Establishment of Escrow.
Within
one Business Day following the execution of this Make Good Agreement, Make
Good
Pledgor shall deliver, or cause to be delivered, to the Escrow Agent
certificates evidencing an aggregate of 39,473.68 shares of the Company’s Series
B Voting Convertible Stock, which are automatically convertible into 39,473,672
shares (as converted, the "Escrow Shares") of the Company's common stock,
par
value $0.001 per share (the “Common Stock”), along with bank signature stamped
stock powers executed in blank (or such other signed instrument of transfer
acceptable to the Company’s Transfer Agent).

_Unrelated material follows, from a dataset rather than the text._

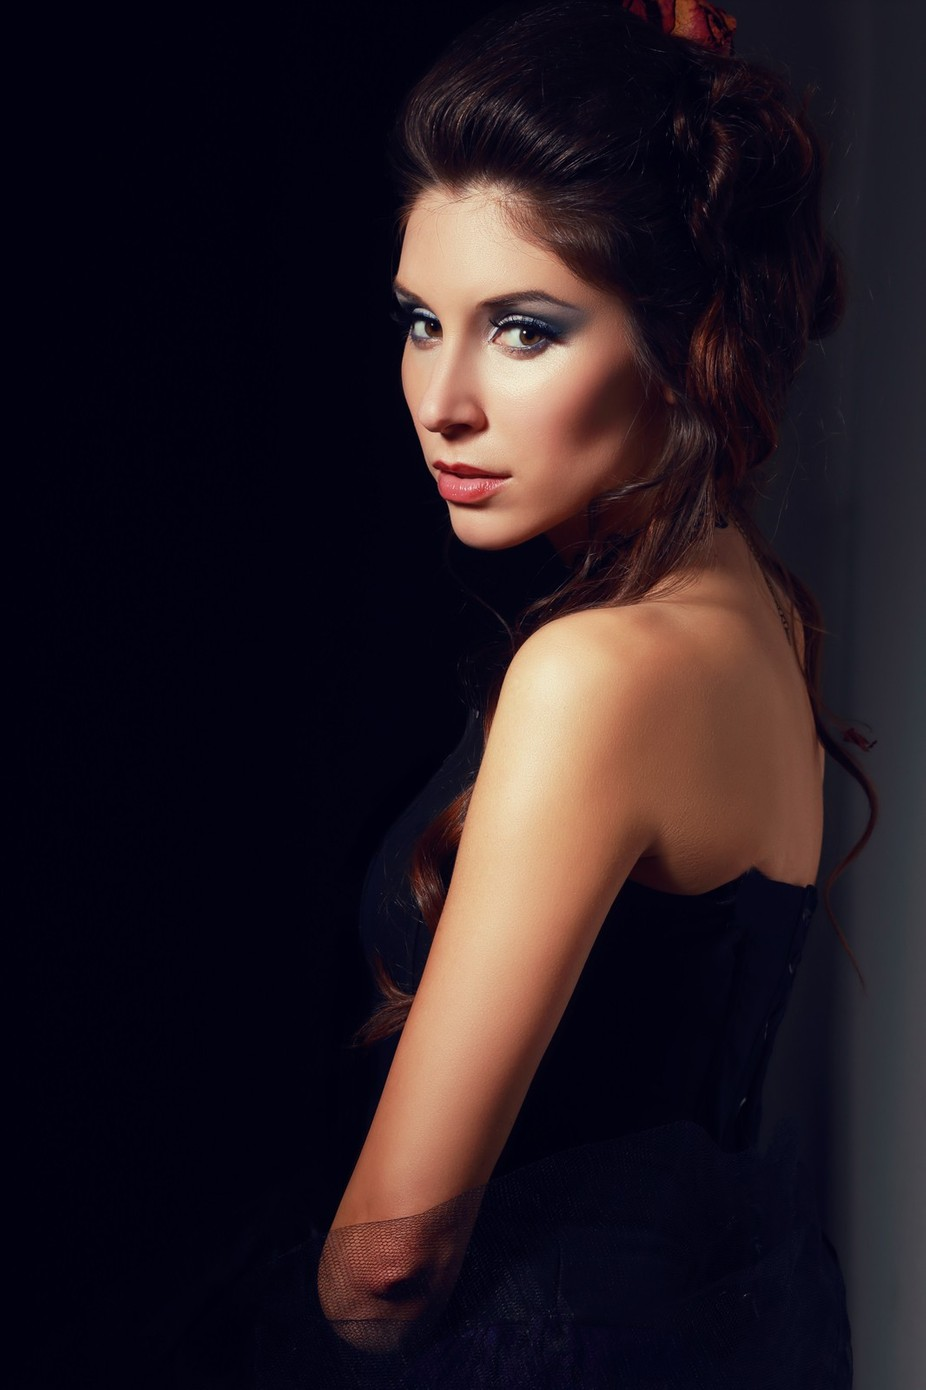 vampire victorian style woman by olenazaskochenko - Fill Flash Photo Contest

As used in this Make Good
Agreement, “Transfer Agent” means Interwest Transfer Co., Inc., or such other
entity hereafter retained by the Company as its stock transfer agent as
specified in a writing from the Company to the Escrow Agent and Xxxx. The
number
of Escrow Shares equals the number of shares of Common Stock which are issuable
upon the automatic conversion of the Company’s Series B Voting Convertible Stock
in accordance with the terms of the Certificate of Designation filed by the
Company with the Secretary of State of the State of Nevada, setting forth
the
rights, preferences and privileges of such Series B preferred stock (the
“Certificate of Designation” and such conversion shares, the “Underlying
Shares”).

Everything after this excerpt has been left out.